The HFVD-200-Q is primarily suitable for aluminum busbars, aluminum
bars, laminated aluminum foil connectors, aluminum-nickel
connectors, copper-aluminum composite parts, and other aluminum
conductive components. It is commonly used in new energy, power
equipment, and energy storage applications.
What is the difference between the HFVD-200-Q and HFVD-100-Q?
The HFVD-200-Q features a maximum primary current of 200A and
150L/min cooling water consumption. It is more suitable for medium-
to high-load aluminum parts, larger weld areas, and projects
requiring enhanced stability in batch production.
Is this machine suitable for laminated aluminum foil flexible
connectors?
It can be evaluated for this application. Laminated aluminum foil
welding requires confirmation of layer count, thickness, weld area,
indentation requirements, and peel strength. Sample welding is
recommended.
Can it weld aluminum-nickel or copper-aluminum dissimilar metals?
Yes, it can be evaluated for these applications. Since material
properties differ significantly, sample testing is recommended
based on material combination, thickness, weld area, and electrical
requirements.
How can electrical performance after welding be confirmed?

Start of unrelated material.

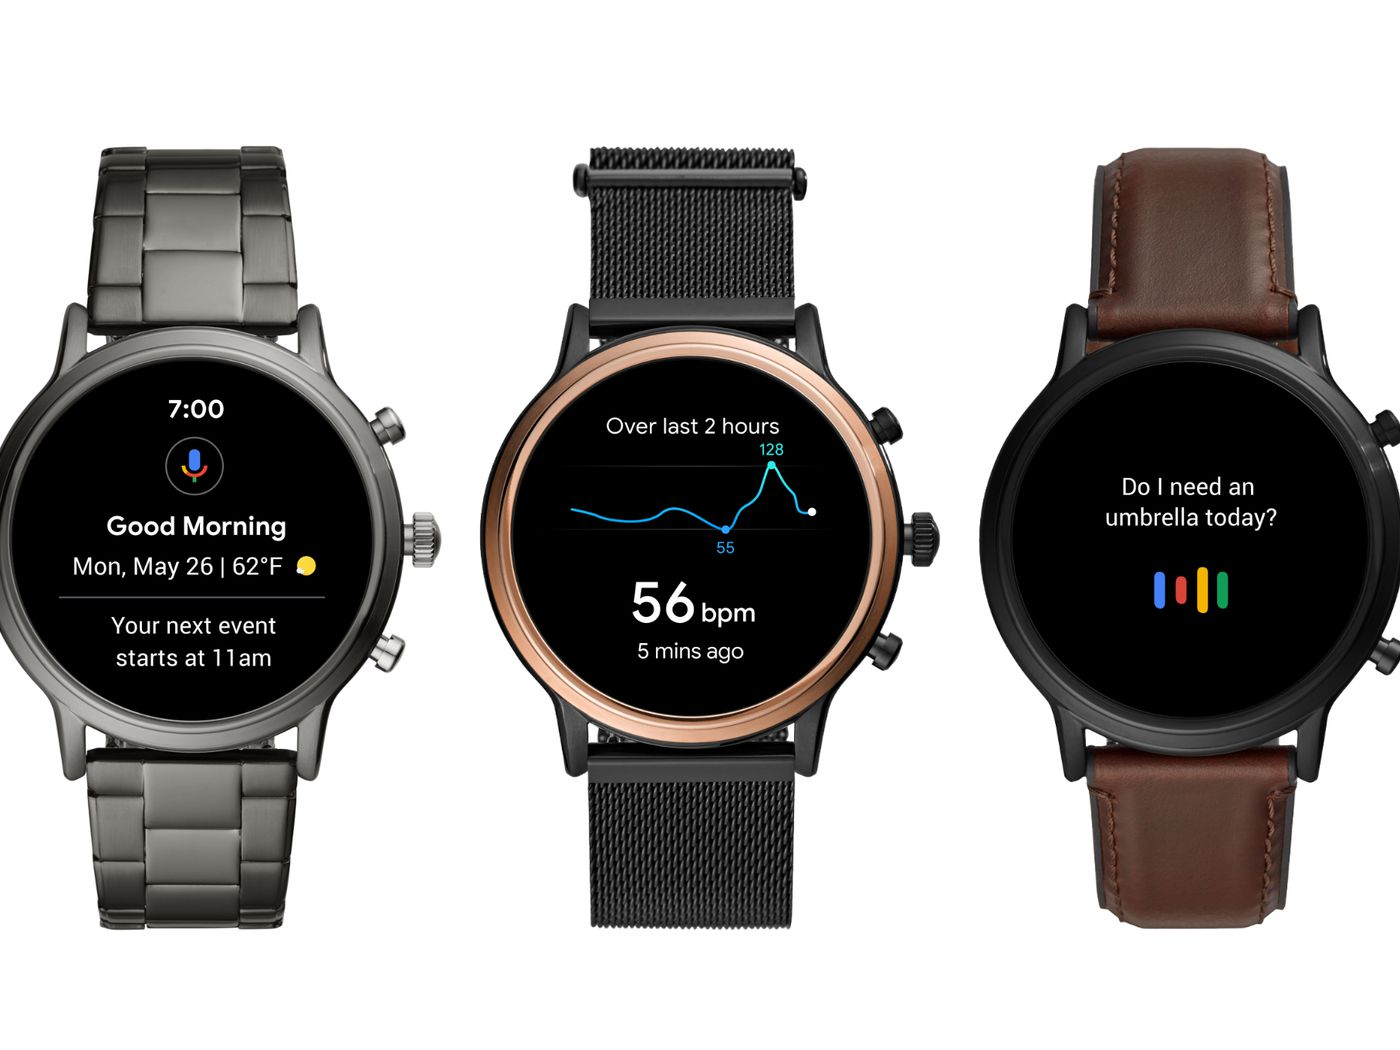 Fossil Gen 5 Wear OS Smartwatch launched with Snapdragon Wear 3100 platform

Electrical performance is typically confirmed through contact
resistance, temperature-rise, or current-carrying tests. Final
electrical performance should be verified according to the
customer's actual product specifications and testing standards.
What information is needed before quotation?
We recommend providing workpiece drawings, sample photos, material
specifications, aluminum foil layer count, weld area dimensions,
strength or electrical testing requirements, production capacity
targets, and current welding challenges.